ムンバイでは、1日に20万個のお弁当が、5000人のダッパーワラーと呼ばれる運び手によって家庭から職場へ運ばれている、という。
ところで、インドでは、今なおカーストが生きているんだ。大きく4つに分けられるカーストの下に、夥しい数のサブカーストが存在する。ダッパーワラーもそのようなサブカーストのひとつ、と思われる。
それはともかく、ダッパーワラーが配達するお弁当、誤配達ということはまずない、ということである。ハーバード大学の調査によれば、誤配達の確率は600万個にひとつ。
ところが、それが、600万個にひとつの誤配達が起こるんだ。
夫婦仲がどうもしっくりしない30代後半の主婦・イラが作ったお弁当が、その亭主の所じゃなく、定年間近かのサージャンの所へ配達される。その翌日も、そのまた翌日も。
弁当箱の中に入れ、短い手紙が交わされるようになる。心象心理の世界である。

銀座和光裏のシネスイッチ銀座、小さい劇場である。大規模な劇場のようなスタンディなどを立てるスペースはない。しかし、さすが銀座4丁目の和光裏、いつも、1階から地下へ下りる階段横の小さなガラス窓に、ささやかなディスプレイを施している。
この日は、このような。
ムンバイのダッパーワラーが運ぶ、金属製の4段重ねのお弁当箱が配されている。

定年目前のサージャン、今日もこのようなお弁当箱を受け取る。

インド人とは何度も一緒に飯を食った。
彼ら、おしなべて、もの凄い大食漢である。
この4段重ねのお弁当箱、それぞれの入れ物には、ご飯、カレー、主菜、そして右手の後ろの入れ物にはチャパティ。凄い量である。

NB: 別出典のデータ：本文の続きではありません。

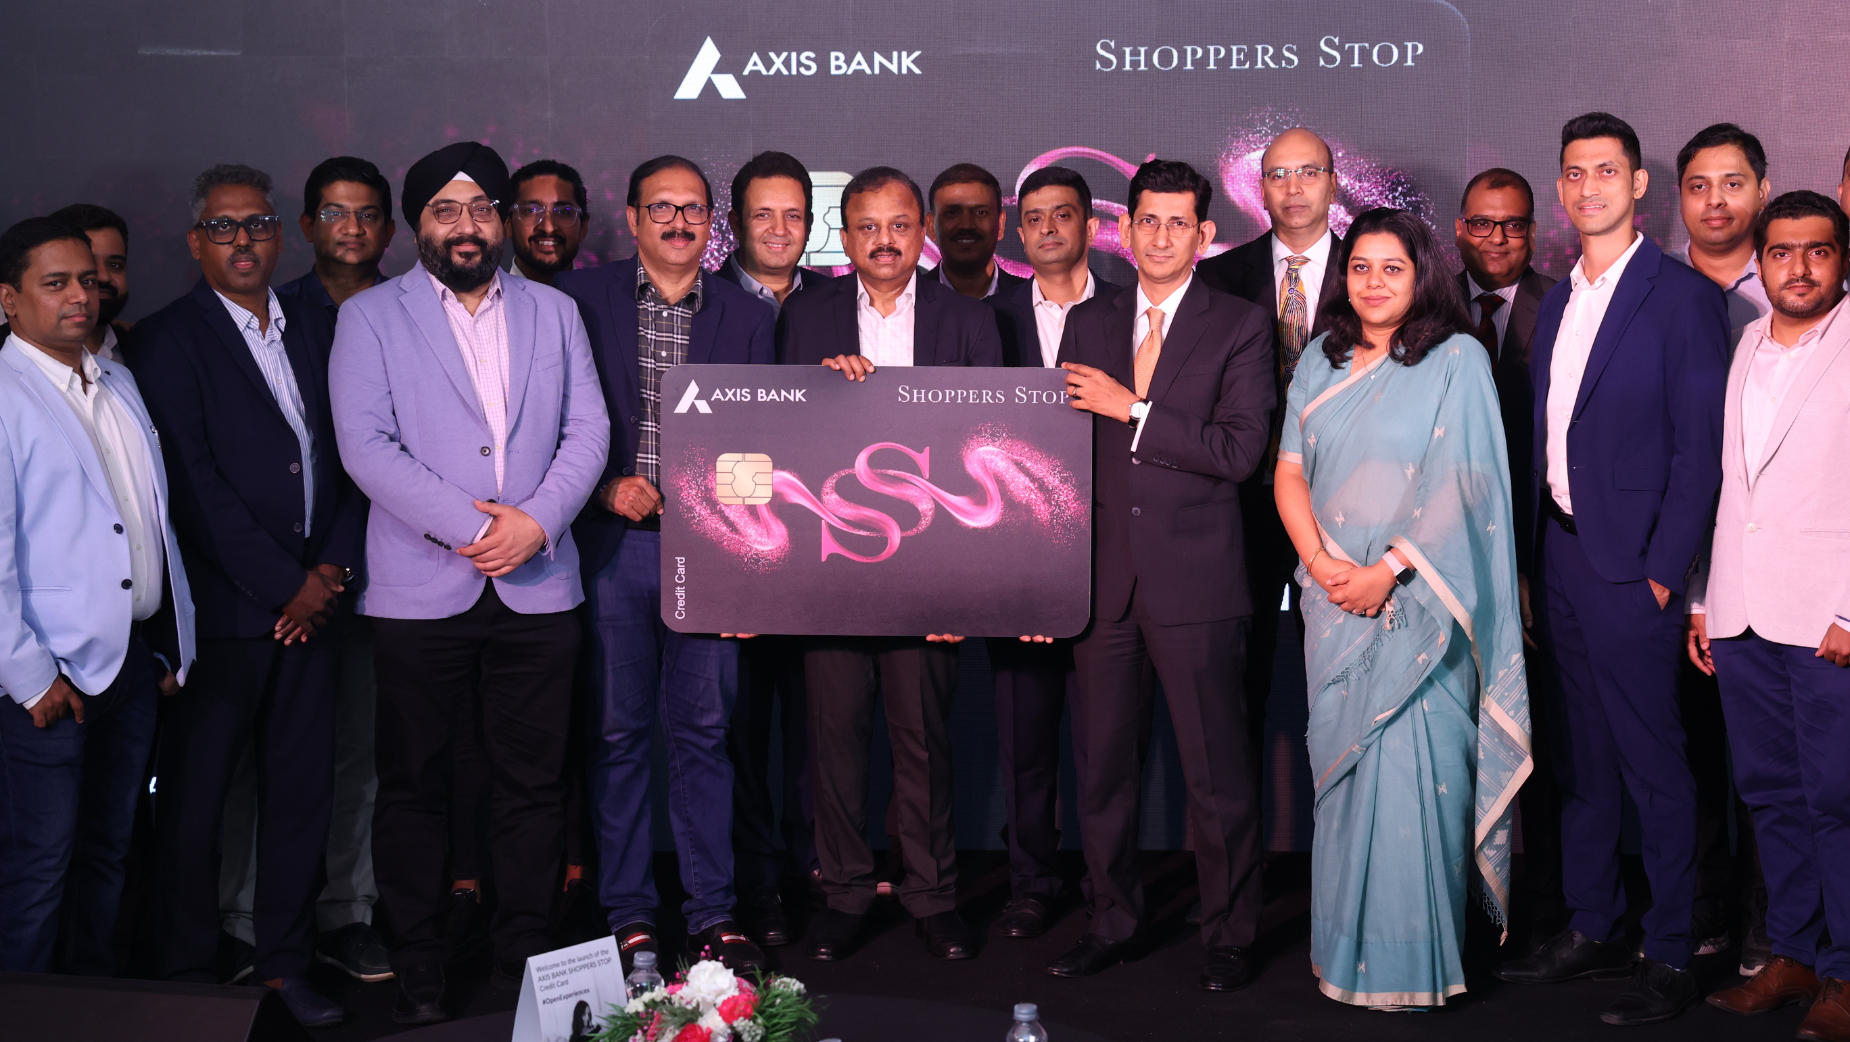 Axis Bank Expands Its Omni-Channel Shopping Segment through Its Credit Card Partnership with Shoppers Stop | LBBOnline

しかし、多くのインド人、このようなお弁当を食べている。

小さな台所で、サージャンからの手紙を読むイラ。
サージャン、幸せの国と言われるブータンへ二人で行こうなんてことも書いてくる。
サージャンとイラ、喫茶店で会おう、ということになる。ニューヨークかパリか、というヤバい展開となる。が、待ち合わせた喫茶店には行っていたサージャン、彼を待つイラへは声をかけなかった。
ウーン、そうか、それにしても、なんと言うか。
サブストーリーはあるが、それはそれ。サージャン、会社をやめ田舎へ帰る。
マサラムービーとは対極のインド映画、静謐な趣きを醸している。